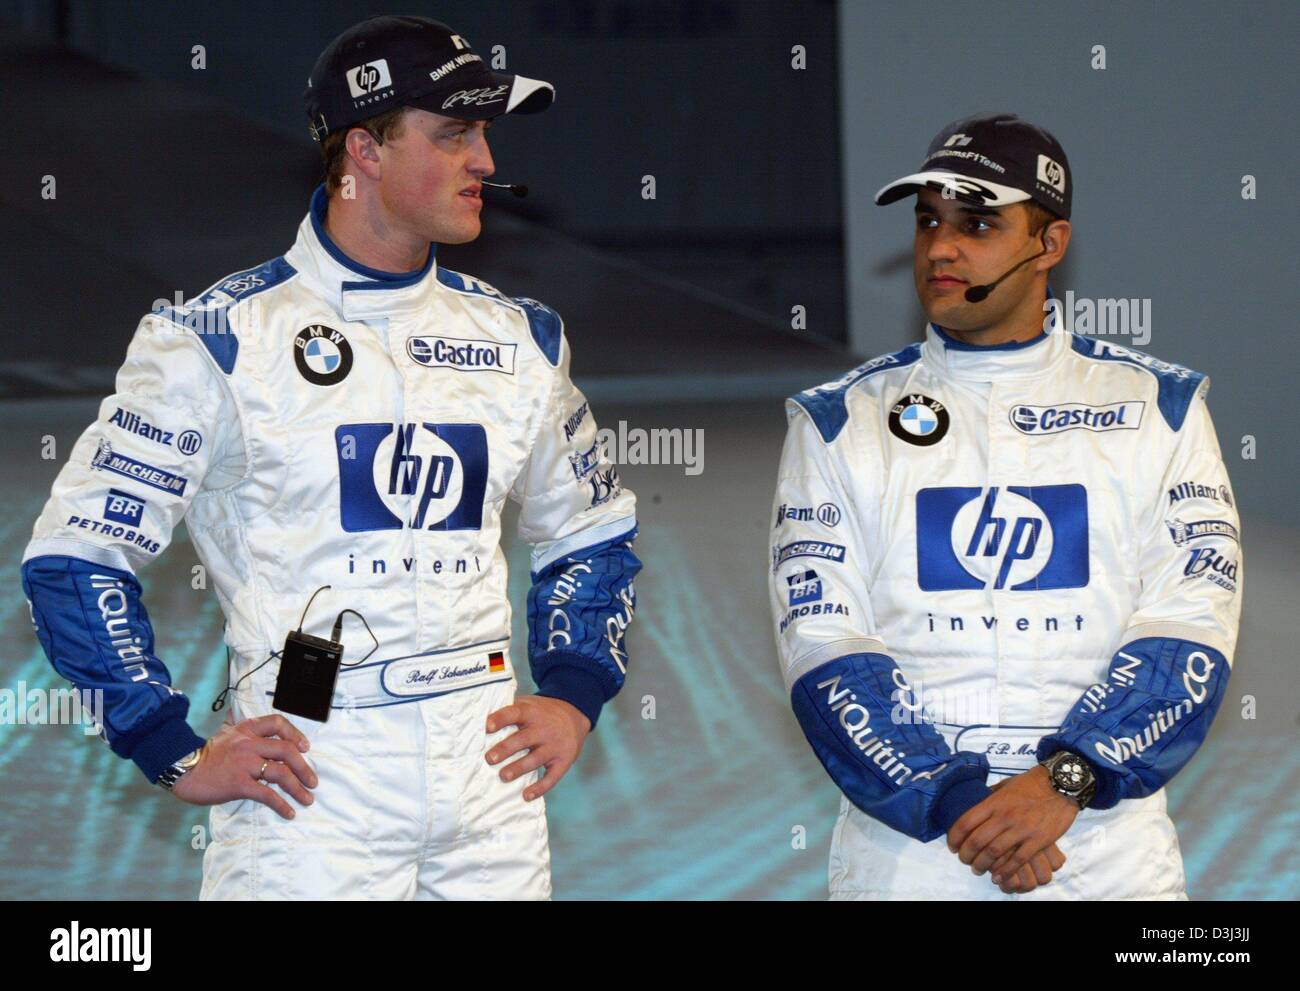 (dpa) - German formula one pilot Ralf Schumacher (L) and his Colombian team mate Juan Pablo Montoya pictured during the presentation of the new BMW-Williams FW26 racing car for the upcoming season, in Valencia, Spain, 5 January 2004. The car has a new aerodynamic concept and a new motor. The FW26 will be intensively tested in Jerez, Spain, as of 7 January 2004. Stock Photo
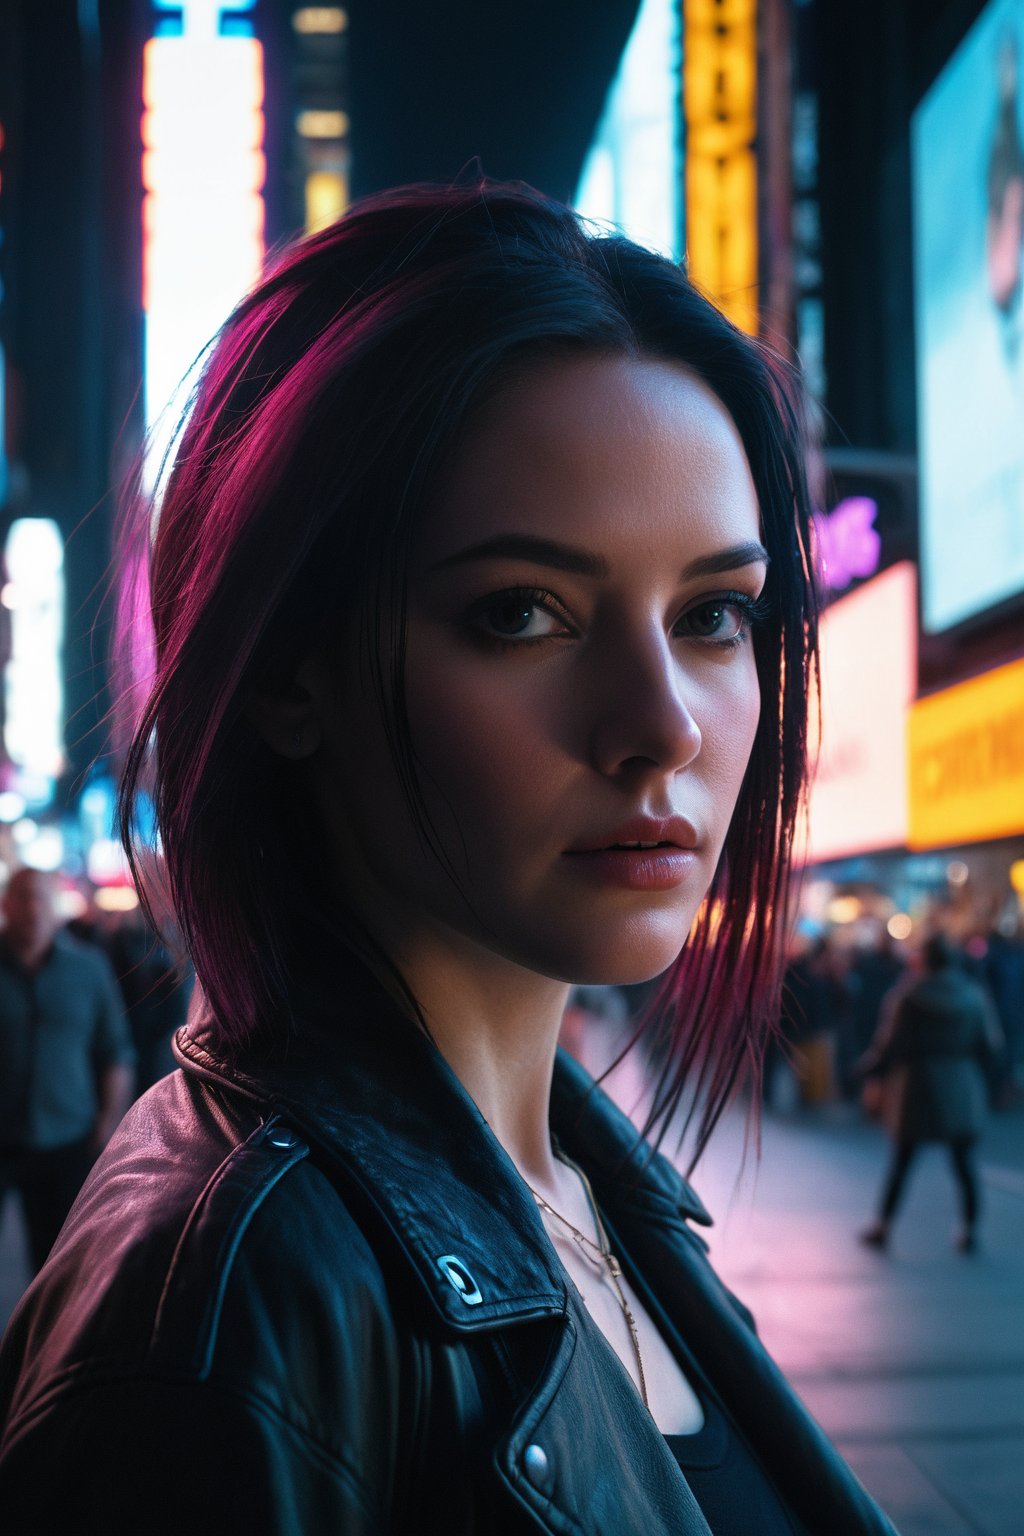 (ultra realistic,best quality),photorealistic,Extremely Realistic, in depth, cinematic light,hubgwomen,hubg_beauty_girl,

1 female detailed face time square detailed background cyberpunk shadow dramatic lighting by Bill Sienkiewicz,

intricate background, realism,realistic,raw,analog,portrait,photorealistic

+ + + + +

DIRECTIONS →
A word-for-word reproduction is needed of the lines above from the line containing "(ultra realistic,best quality),photorealistic,Extremely" through the line containing "1 female detailed", with both ends kept and no pictures.

EXERCISE RESULT →
 (ultra realistic,best quality),photorealistic,Extremely Realistic, in depth, cinematic light,hubgwomen,hubg_beauty_girl,

1 female detailed face time square detailed background cyberpunk shadow dramatic lighting by Bill Sienkiewicz,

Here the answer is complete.